So, the other day I got this thought stuck in my head, you know? Like when you see something in a movie or hear a phrase a million times. This time it was “a bag of money”. You see it all the time – bank robberies, ransom drops, people lugging these sacks around. And I just started wondering, how heavy actually is a bag of money?

It sounds simple, but then you think, what kind of bag? How much money? What kind of bills? It got me curious enough that I decided to figure it out. Just a little thought experiment, really, something to satisfy my own nosiness.
My Process: Figuring Out the Heft
First things first, I needed some basics. How much does money weigh?
- Weight per bill: I didn’t have stacks of cash lying around to weigh, obviously. So, I did the next best thing and looked it up. Turns out, the US Bureau of Engraving and Printing says any US bill – doesn’t matter if it’s a $1 or a $100 – weighs about one gram. That made things easier.
- What’s “a bag”? This was trickier. What do people mean? I decided to go with the classic movie trope: a million dollars. Seems like a standard big score amount, right? And they always seem to use $100 bills because it looks cooler and takes up less space.
- Doing the math: Okay, so $1,000,000 in $100 bills. That means you need 10,000 individual bills ($1,000,000 / $100 = 10,000).
- Weight of the cash: If each bill is 1 gram, then 10,000 bills is 10,000 grams. That translates to 10 kilograms.
Okay, 10 kilos. That’s about 22 pounds. Honestly, that was less than I pictured sometimes. You see folks struggling with these bags in films.
But Wait, There’s the Bag!
Right, the money isn’t just floating there. It’s in a bag. How much does the bag add?
This depends entirely on the bag, of course. Is it one of those canvas bank deposit bags? A duffel bag? A briefcase?
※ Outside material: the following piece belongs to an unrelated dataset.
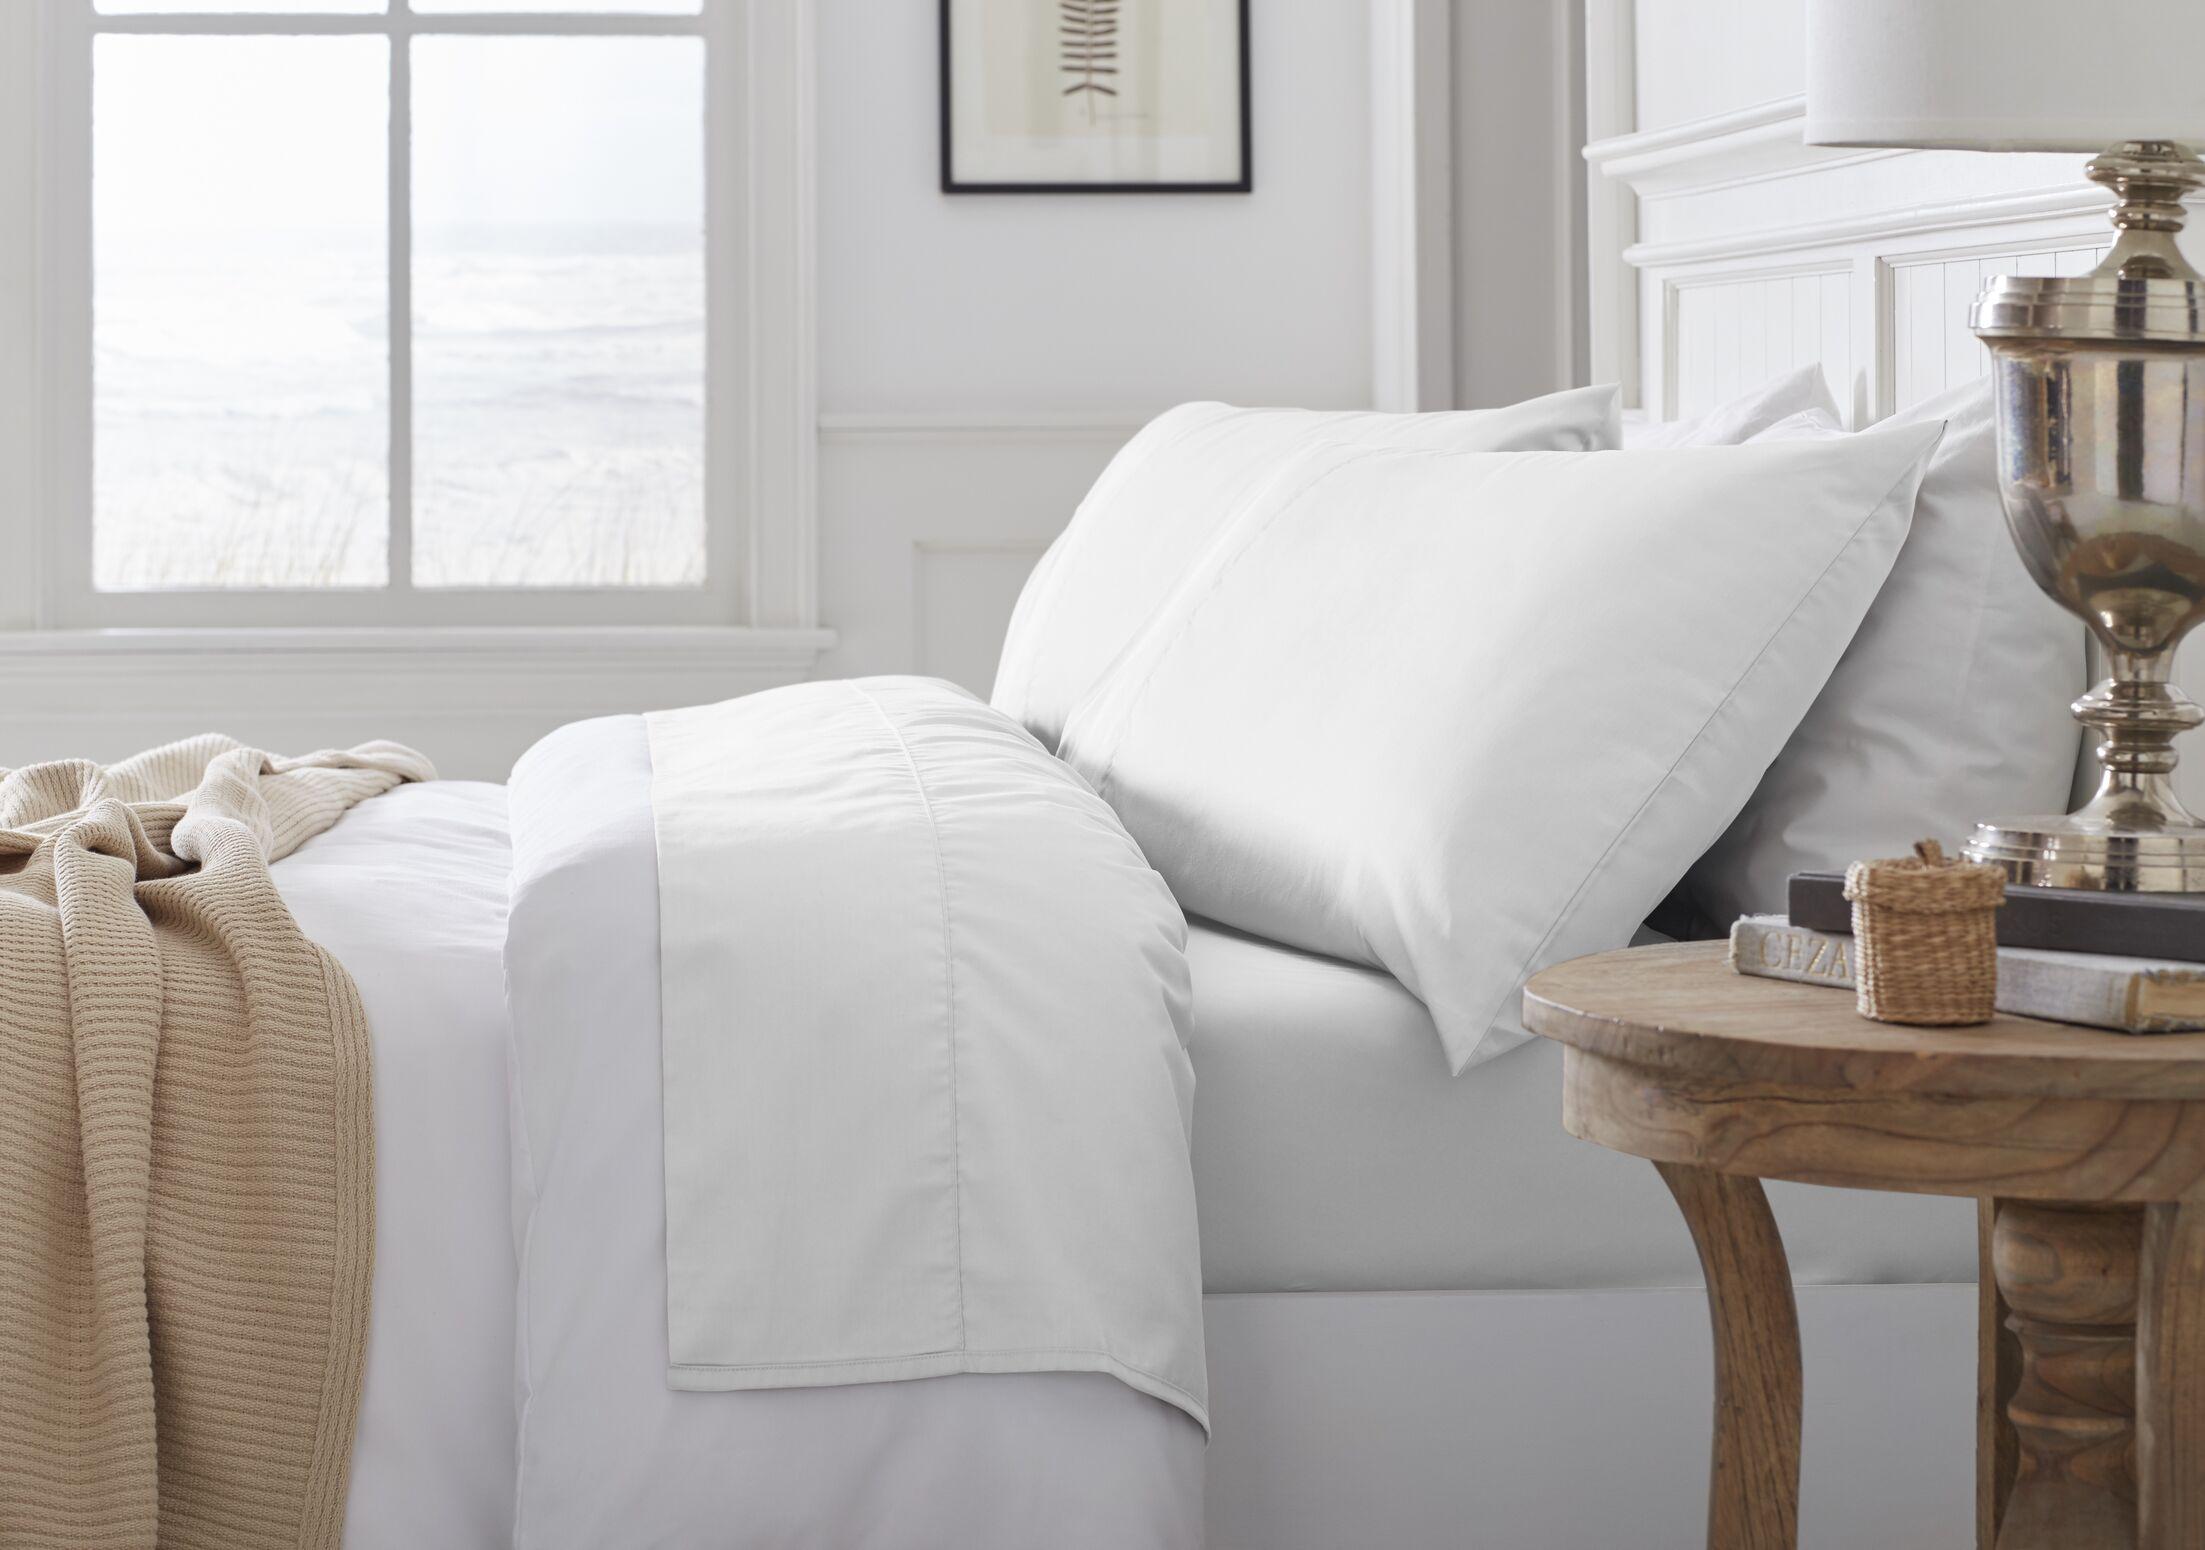 Nava Savannah 300 Thread Count 100% Organic Cotton Sheet Set Size: California King, Color: White

I grabbed an old canvas tote bag I had, similar to what you might see used for coin transport sometimes, and threw it on my kitchen scale. It was maybe half a pound, like a quarter of a kilo. A decent-sized gym duffel bag, the kind you could stuff that much cash into? I weighed one of those too. That was closer to 2 pounds, maybe around 1 kilogram, give or take, depending on how sturdy it is.
The Grand Total (Roughly)
So, you take your 10 kilograms (22 pounds) of hundred-dollar bills, and you add maybe another kilogram (around 2 pounds) for a sturdy duffel bag.
Total weight = Around 11 kilograms, or roughly 24 pounds.
Now, that’s not nothing. It’s like carrying a toddler or a big bag of dog food. You’d feel it. But maybe not the back-breaking weight some movies portray unless they’re really exaggerating or the character is just weak.
Of course, if that bag was full of, say, $20 bills instead of $100s? You’d need five times as many bills (50,000 of them!). That would be 50 kilograms, or 110 pounds, plus the bag. Now THAT would be heavy. Suddenly the movie struggles make more sense if they’re dealing with smaller denominations.

Anyway, that was my little investigation. Just went down a rabbit hole of curiosity, did some basic searching and math. Nice to have a better sense of what “a bag of money” actually means in terms of weight. Cleared that little question mark floating in my head.